The role of long-term, low nutritional status on age-specific antler development was not previously investigated in Unit 20A. However, a comparative study of age-related antler spread was conducted in our study area in the early 1970s when moose density was lower and twinning rates were more moderate than during this study m 2007-2010 (Gasaway, 1975 Alaska Department of Fish and Game [ADFG] brochure). Given the lower nutritional status of moose during this study, we hypothesized that bulls would delay reaching average 50-inch (127-cm) antler spreads compared to the 1970s.

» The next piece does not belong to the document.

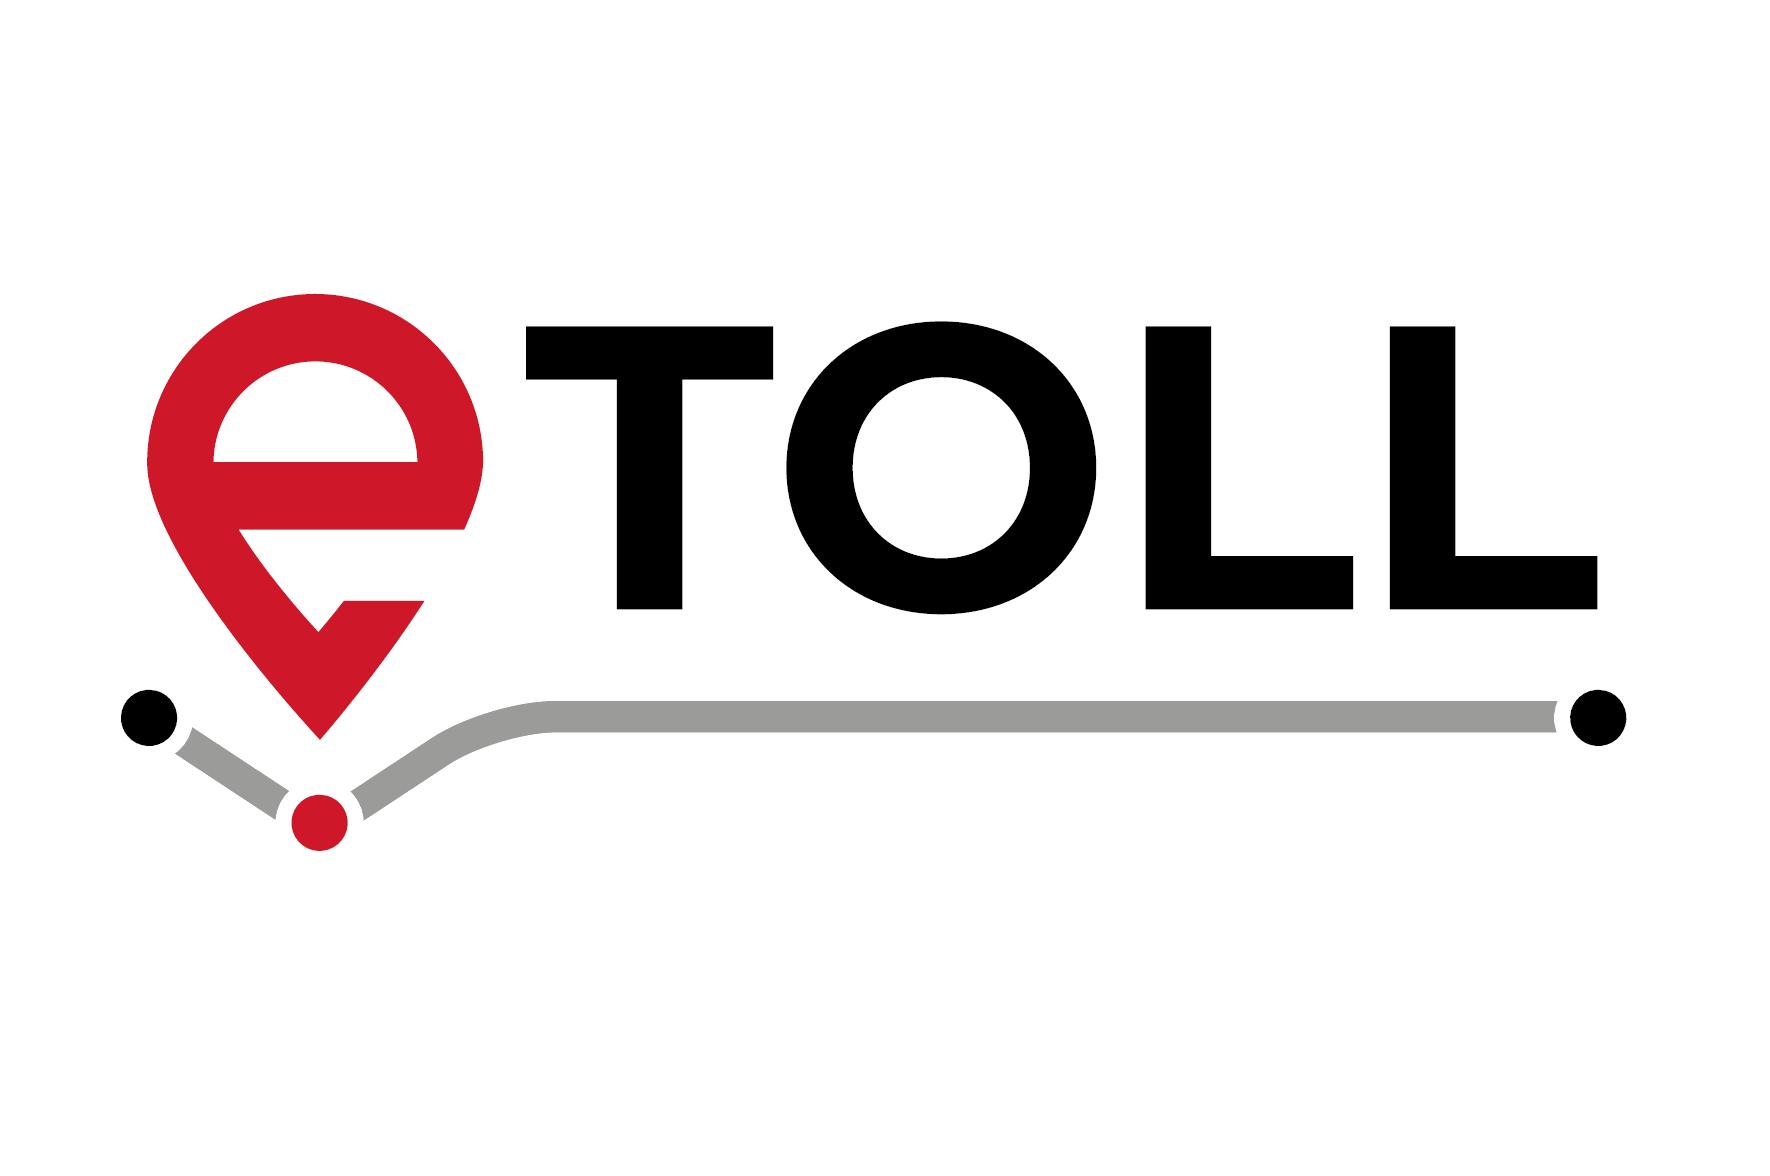 Nowa aplikacja e-TOLL PL  już online! » IKOL.pl  system poboru opłat
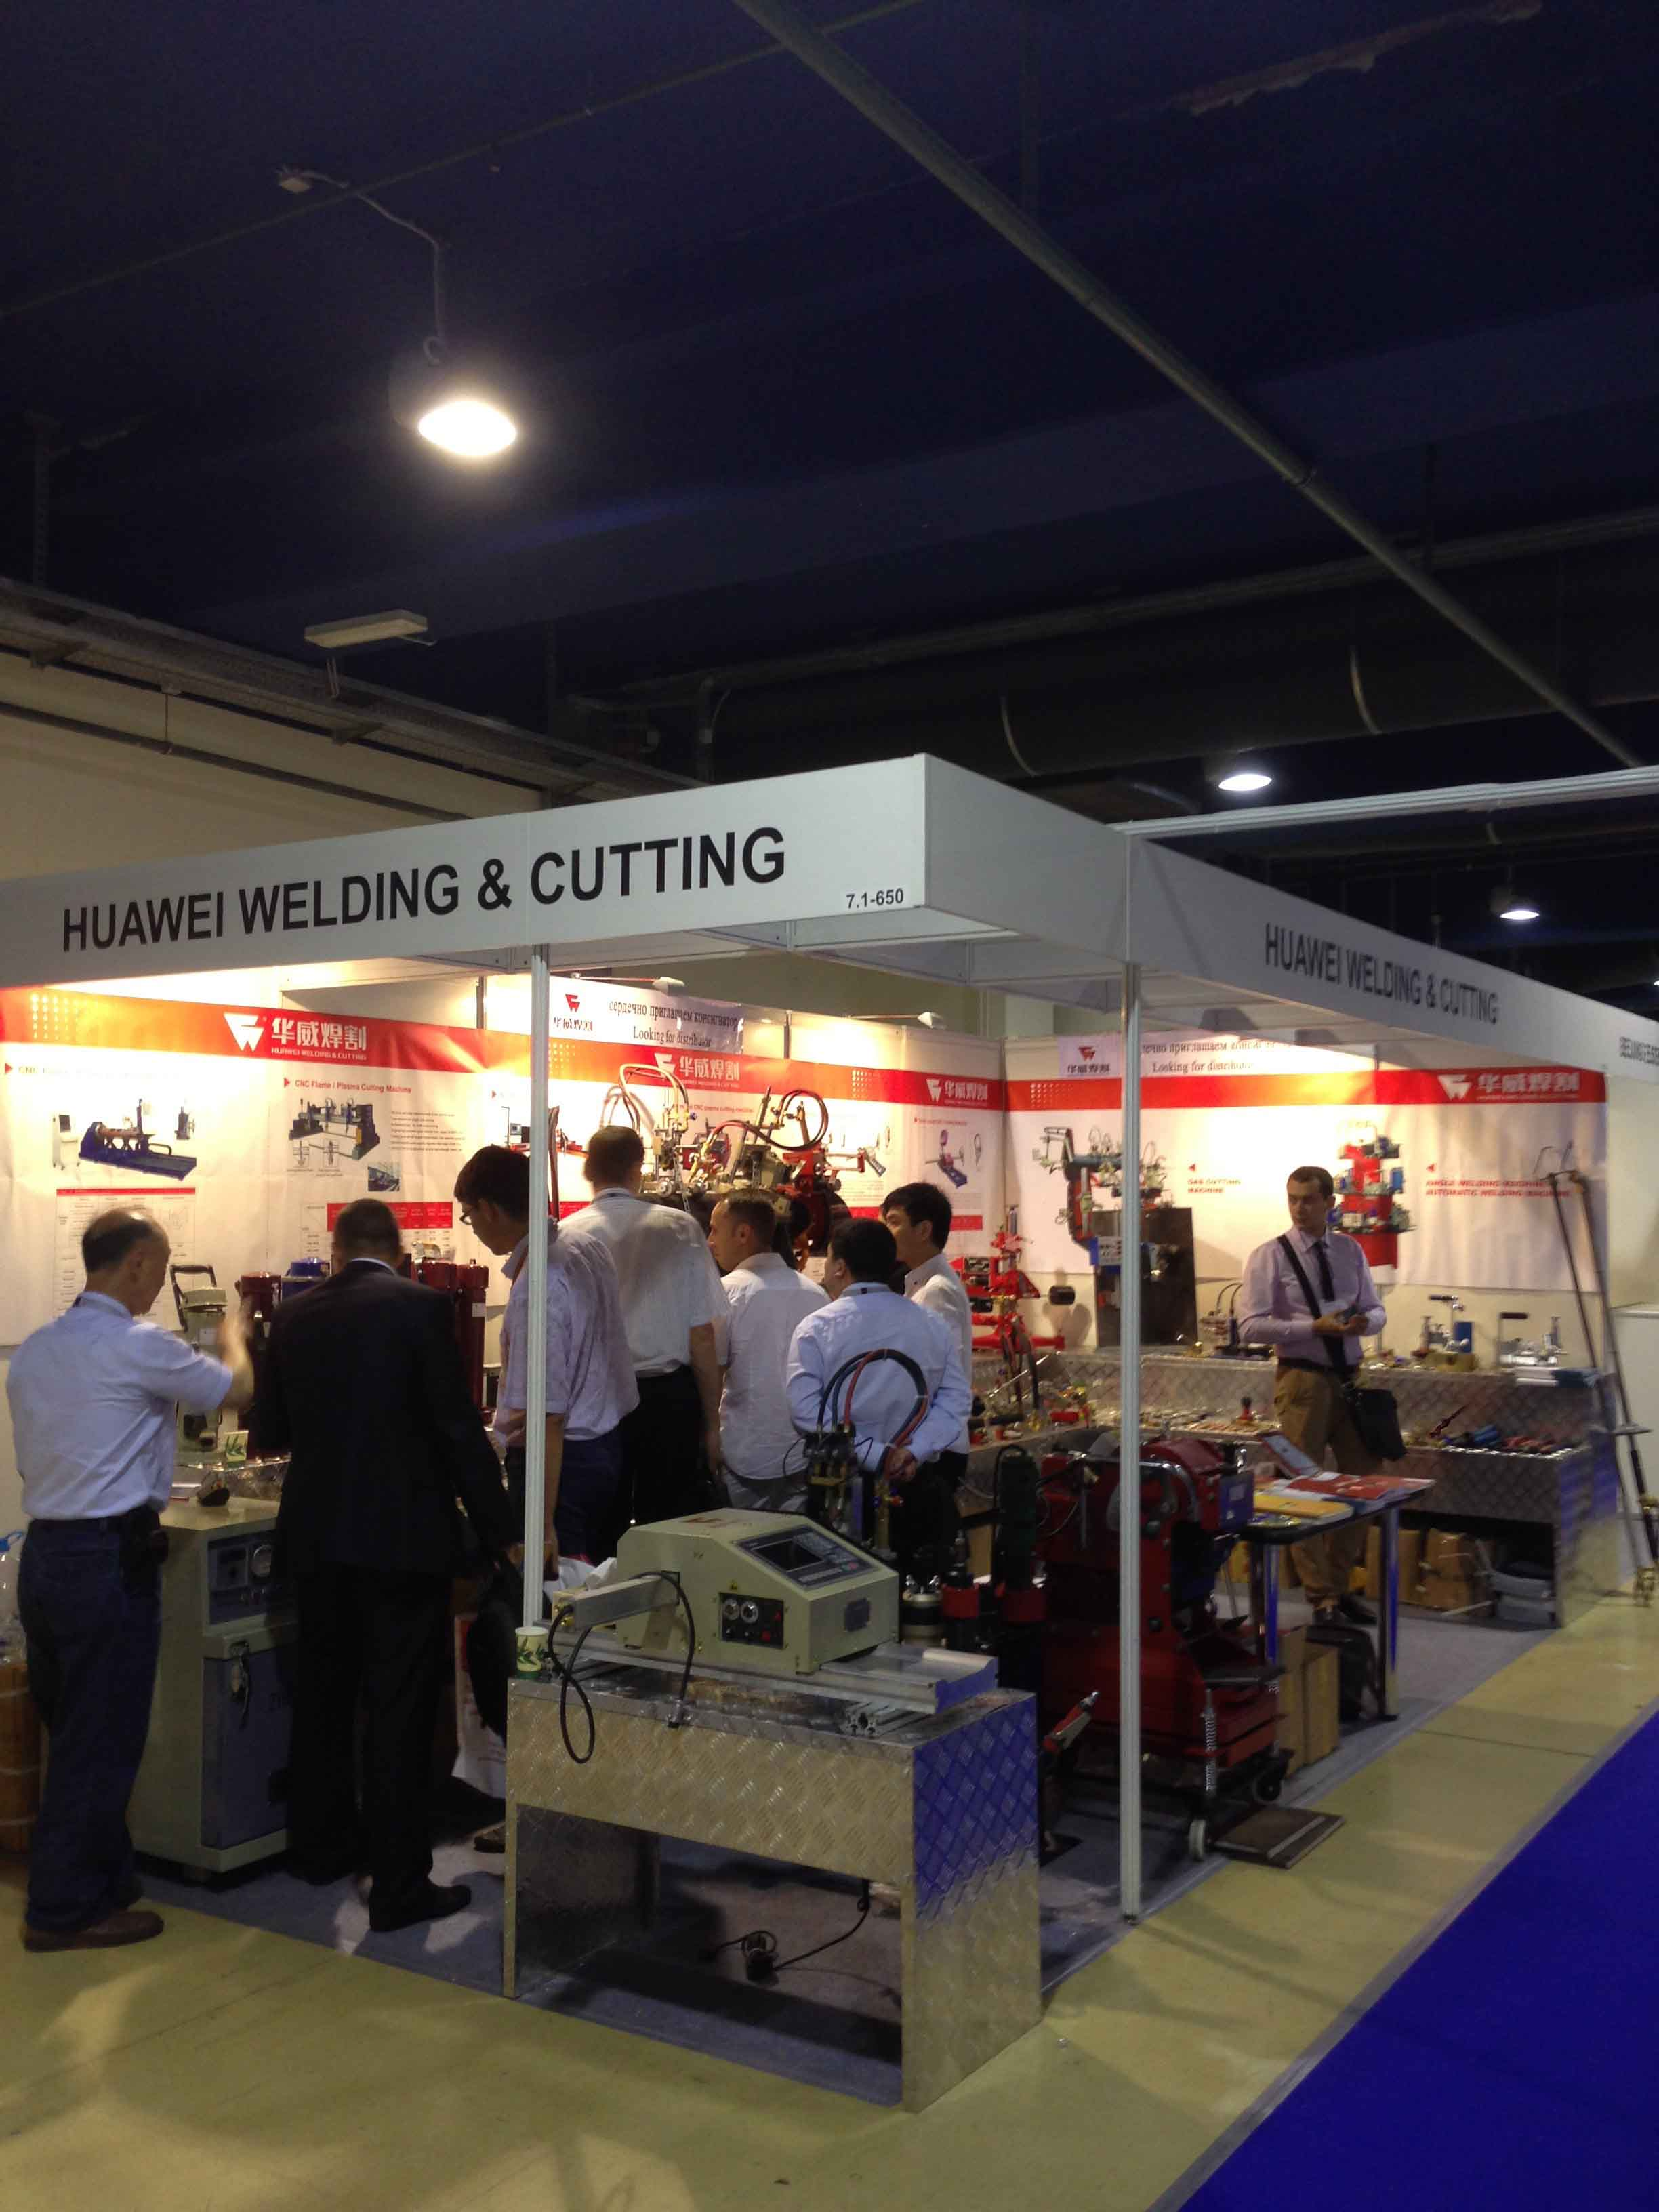 HUAWEI attend Russia essen welding & cutting show

A potential delay in entering the 50-inch (127 cm) antler class was an important consideration because reduced annual recruitment would undesirably restrict bull harvest when objectives were to maximize harvest to reduce browse degradation and meet harvest objectives set by the Board of Game under the Intensive Management regulation (Young et al. 2006, Boertje et al. 2009). A selective bull harvest strategy was implemented in Unit 20A beginning in 2002 and was eventually successful in recovering the low and declining bull:cow ratios (Young and Boertje 2008); low bullxow ratios in 1999-2001 resulted from any-bull and no cow harvests. The selective harvest strategy implemented in Unit 20A is hereafter referred to as the spike-fork/50-inch antler restriction, which restricted harvest to bull moose with: 1) spike-fork antlers, 2) antlers [greater than or equal to]50 inches wide, or 3) [greater than or equal to]3 brow tines on [greater than or equal to]1 antler (Fig. 2; Schwartz et al. 1992).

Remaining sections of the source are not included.